People spend so much time trying to morph those they love into what they want. How silly is that? Why would you be with someone, or be friends with someone- if you just wanted to create your own image of them. Love them for exactly as they are, or don't love them.. but never try to transform a person into what you want.

I am freaking fabulously amazing and I choose to embrace that. I love my crystals, I love my incense (and do not tell me to not light it), I love painting my nails a different colour every day, I love wearing things that are fashionable but have my own flare to them, I love rain, I love fancy hotels (I do not want to rough it, I do not want to stay in 3 star places), I love nice things.
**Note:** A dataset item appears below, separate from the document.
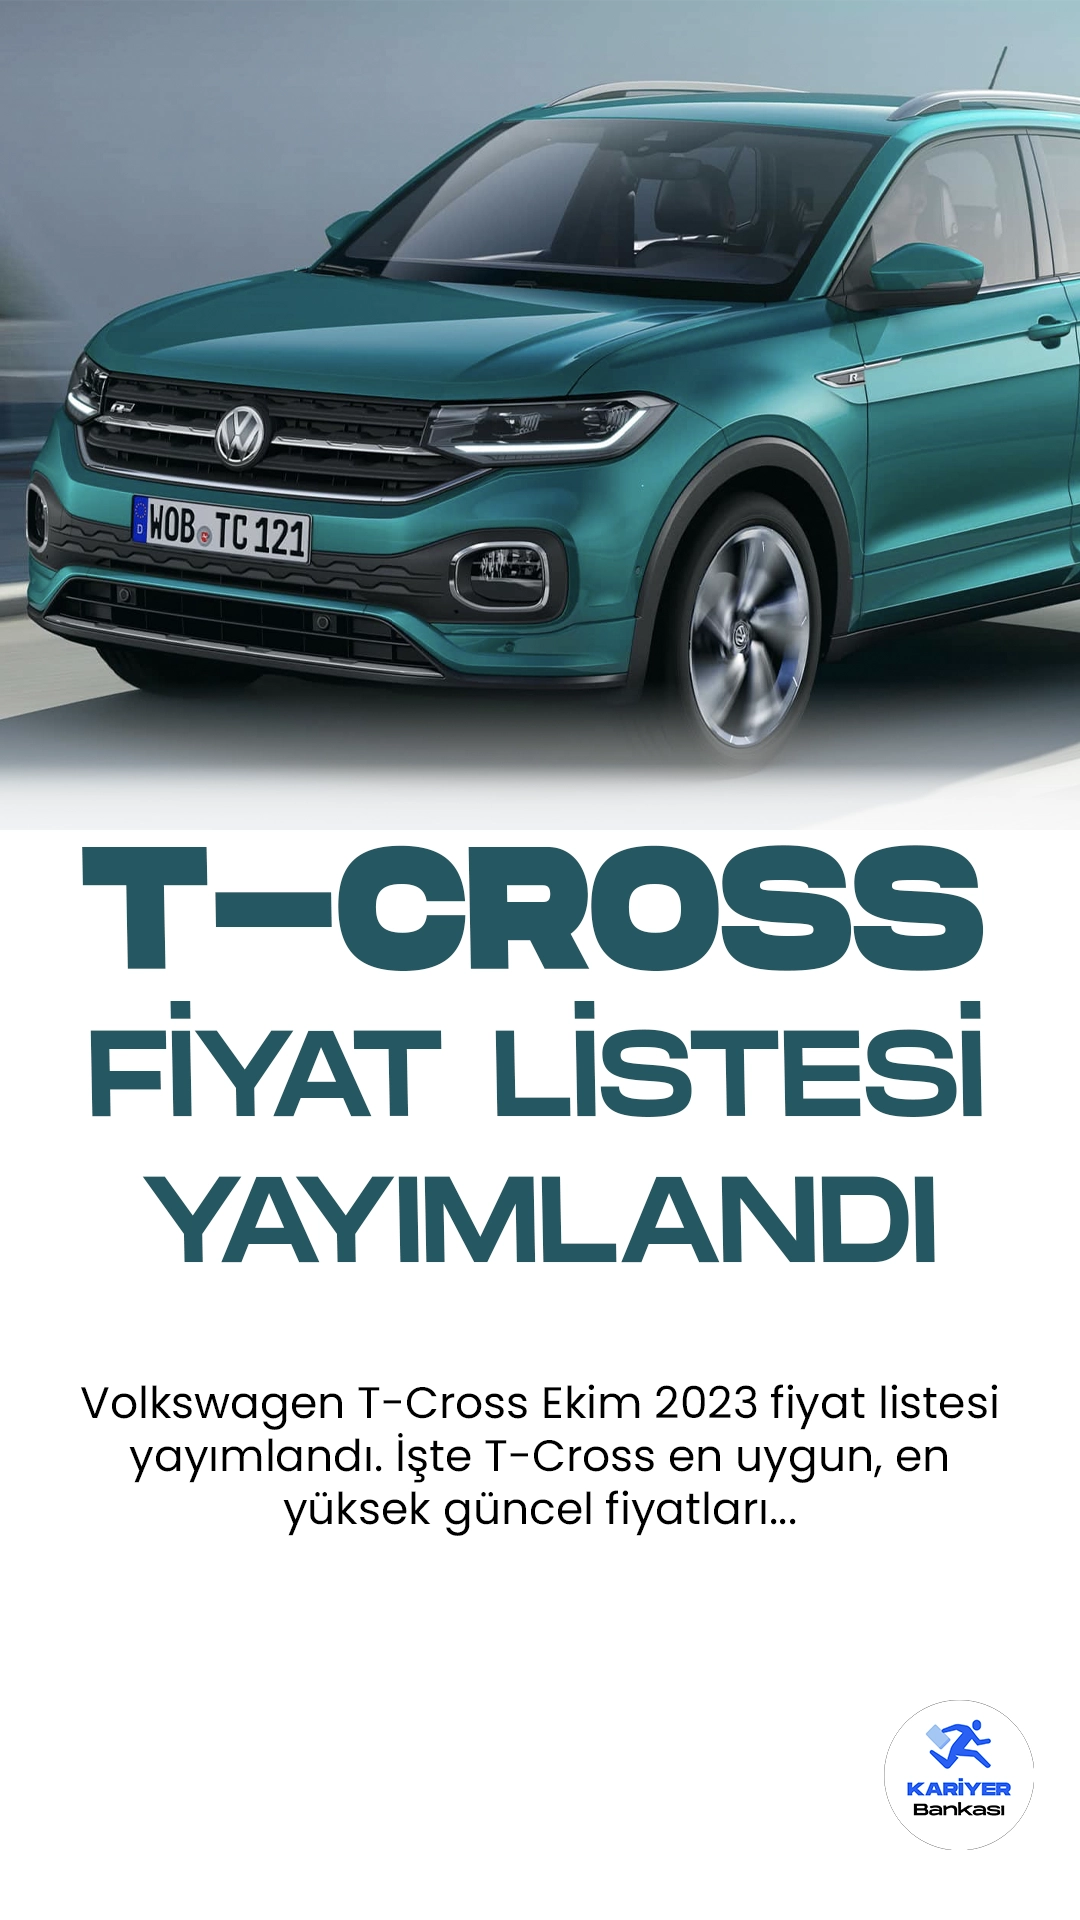 Volkswagen T-Cross Ekim 2023 Fiyat Listesi Yayımlandı.Volkswagen T-Cross, şehir içi sürüşler için mükemmel bir seçenek sunuyor. Bu kompakt SUV, şık tasarımı ve yüksek sürüş pozisyonu ile dikkat çekiyor.

I do believe when people come for dinner there should be flowers on the table and a beautiful laid out table. I think that people should take pride in what they look like (not to the point that it consumes them)- but to the point that you show respect of the body that Gd has blessed you with. Let it be beautiful. Yes, I am chubby sexy but I think its gorgeous- and yes I would love to shed those extra 10 kilos.. and yes I will.. but I will do it when I am ready. Do not tell me what to eat, or that I need to do exercise. Maybe spend more time judging yourself then me and everyone else. Look at you, not me. And I love animals with a passion- I believe they have deep souls and I believe that my kittens are connected to my heart. I can see auras, I can sense energy, I have a strong intuition and I believe in magic.

I choose to live in my world. In my world I  never see ugly people, I do not jump to conclusions and judge people. I open my heart to everyone, and yes many times I get hurt. And yes sometimes my judgement is not amazing.. but its my world and I would far rather be like that then in a world where I only see bad in everyone else. Dont judge, love.

Embrace yourself. never let anyone else tell you who you should be. I did, and I almost lost myself. But I am back, and here to stay.